Vertical reinforcement columns in the background
Hock Teck and Aan bending steel rods into rings, while in the background, wooden planks were being fixed around the vertical steel reinforcements


Home-owner (right) and skilled labourer at work
The home-owner and a fellow skilled labourer were busy at work, getting the vertical columns ready

No proper goodbyes :-(

As it was going to be our last day working in Tibang, we had hoped to say our proper goodbyes to the villagers, especially to the children with whom we had grown to be close and comfortable. However, there were very, very few people in the streets today. It was almost as eerily quiet as the day we first came to Tibang. Perhaps the villagers were all gathered to the village mosque for morning prayers or for some other community activities.

We did manage to see a few farewells to some of the villagers. Wai Yan also left behind some origami paper, colour markers and stickers for the children. And as we gathered to take a final photo with the family in land plot #184, a massive sandstorm blew its way across Tibang. At around noon, we left Tibang for the last time, with grains of sand in our clothes, hair and faces and with our hearts heavy within us.

Visiting other disaster areas

We headed to the rented house in the city area of Banda Aceh, where Thay, Aan and the other staff of the Indonesian Habitat affiliate were staying. There, we had our lunch, after which we were on the road again to see the damage done by the tsunami in other parts of Banda Aceh.

Photo :- Eventually, we all must die

The grafitti on the walls of this building goes something like "The owner of this house is still alive. Tsunami. 26 December 2004. Eventually, we all must die."

Photo :- Parts of a bridge

A section of a former bridge still remained in the river.

Photo :- Shelter in shambles

Hiew takes shelter from the rain with two other Acehnese, in what's left of a house.

Photo :- Ship aground

This ship used to be in the waters by the coast, generating electricity for the city. Now, it has been washed ashore, and generates electricity on land. According to some reports, some bodies still remain crushed under this ship, unable to be retrieved.

Photo :- Trees uprooted

Huge trees were uprooted and left to rot along the coast. You can tell how big this tree was, by comparing it to the height of the man standing a few metres away from its roots.

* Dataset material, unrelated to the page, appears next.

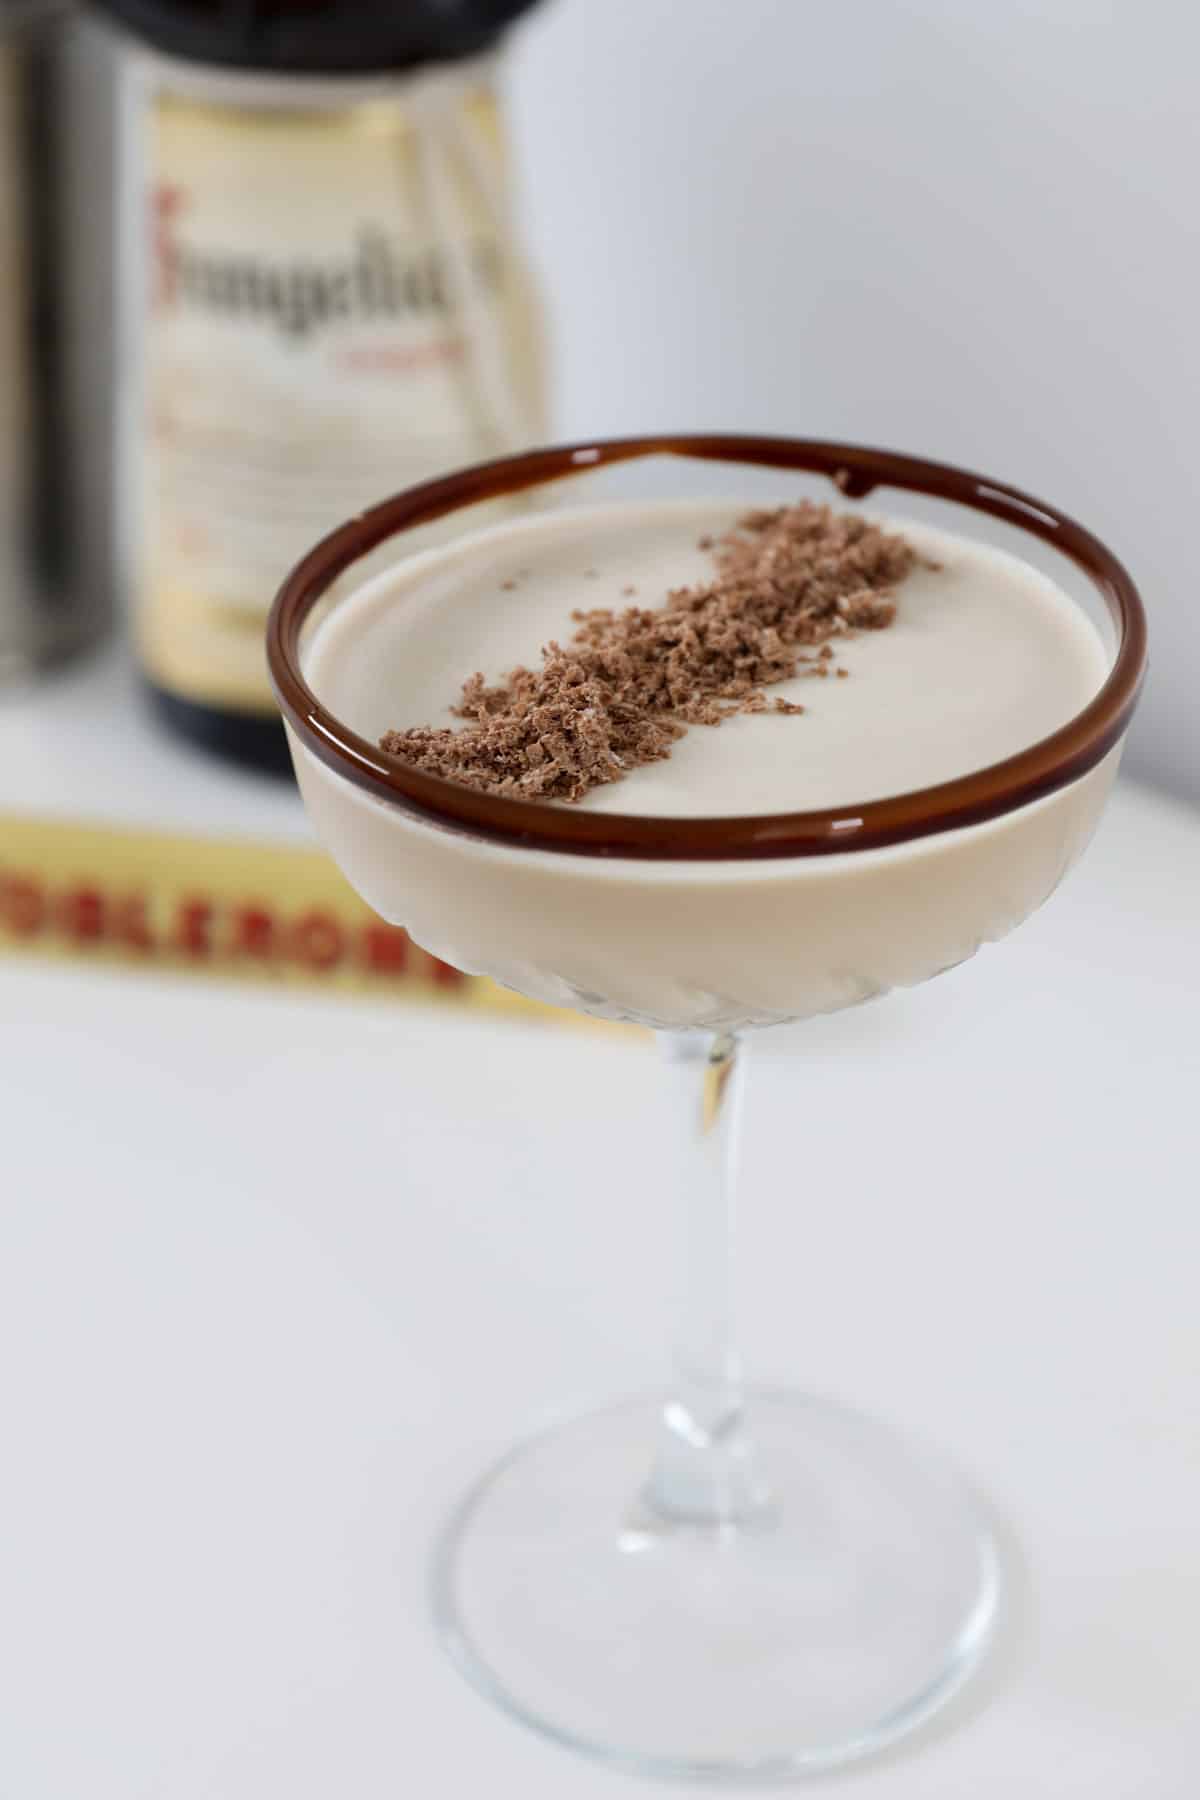 A close up of a chocolate rimmed glass filled with a creamy cocktail.

Photo :- Vertical zone of death

Along the coast, an originally densely vegetated hill has now been stripped of greenery near its base. The height of the exposed rocky regions shows how high the tsunami waves reached when they struck shore.

Photo :- They came barging in

This massive Singapore-registered coal-carrying barge, together with another smaller vessel, were washed ashore by the tsunami, and now lay right smack across one of the main roads.

Warung Kopi

After our solemn visit around the coastal region of Aceh, Thay and Aan brought us to one of the neighbourhood warung kopi (coffee shop) to sample the famous Acehnese coffee. It was a cosy place, but I personally wasn't in any mood for coffee and relaxation. After what I had seen today, I couldn't help but imagine the tsunami waves rising up over the horizon, sweeping over the land and stripping it of buildings and trees while people screamed and ran in vain for their lives. Few could outrun the water, even fewer could survive. I heard that in some regions of Indonesia, such as Meubolah, the damage was far worse - entire communities were wiped out with almost no survivors.

That night, Team Pembantuan decided to have dinner again at the Banda Aceh Seafood Restaurant. It was our last dinner there. And somewhere else in Aceh on this day, Dutch Red Cross worker Marije Mellegers was hit by two bullets in the leg.